Genre
Biography
Setting and Context
The story is set in America, Rwanda, and Burundi.
Narrator and Point of View
Tracy Kidder narrates Deo's story in the third person.
Tone and Mood
Sympathetic, poignant, resilient, emotional, dreadful, and motivational.
Protagonist and Antagonist
Deo is the protagonist. Antagonists comprise the sponsors of the civil war and racist individuals whom Deo encounters in America.
Major Conflict
Deo finding the strength to proceed with his life and to overcome trauma in the aftermath of the civil war in his country.
Climax
Deo's admission at Columbia University and his attainment of a degree
Foreshadowing
Flashbacks about Deo’s life in Burundi are incorporated into the novel.
Understatement
N/A
Allusions
Historical allusions and Biblical allusions are used to expound Deo’s experiences.
Imagery
Deo’s struggles with communication mirror the realities and obstacles of immigrants from non-English speaking countries such as Rwanda.
Paradox
When a woman assaults Deo at a phone station, a bystander, who is Senegalese, advises, "Here in the U.S., you don't touch a woman.
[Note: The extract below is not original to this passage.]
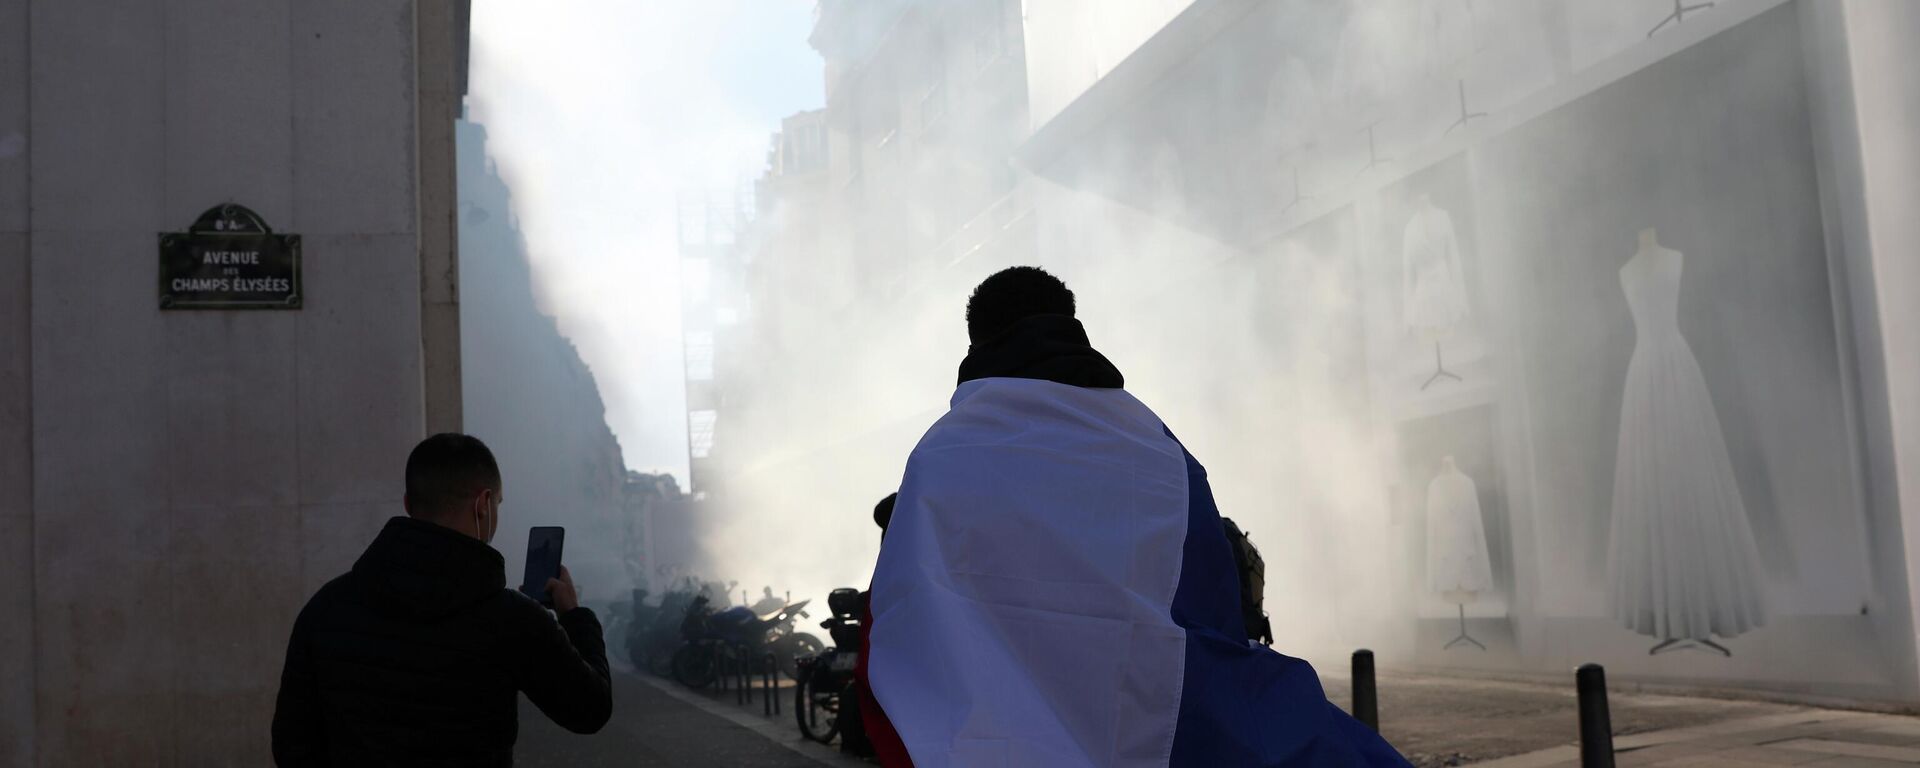 A protester leaves the Champs-Elysees avenue though tear gas during a protest, Saturday, Feb.12, 2022 in Paris. - Sputnik International, 1920, 24.04.2022

It didn't matter whether you are the victim or not. If a woman attacked you like that, the best thing to do was to leave." The paradoxical advice underscores the intersection between racism and gender in America, whereby black men are automatically deemed villains by virtue of their gender and race.
Parallelism
N/A
Metonymy and Synecdoche
“Genocidaires” denotes the sponsors of the Rwandan genocide.
Personification
Deo's appetite is personified by being portrayed as having physiology.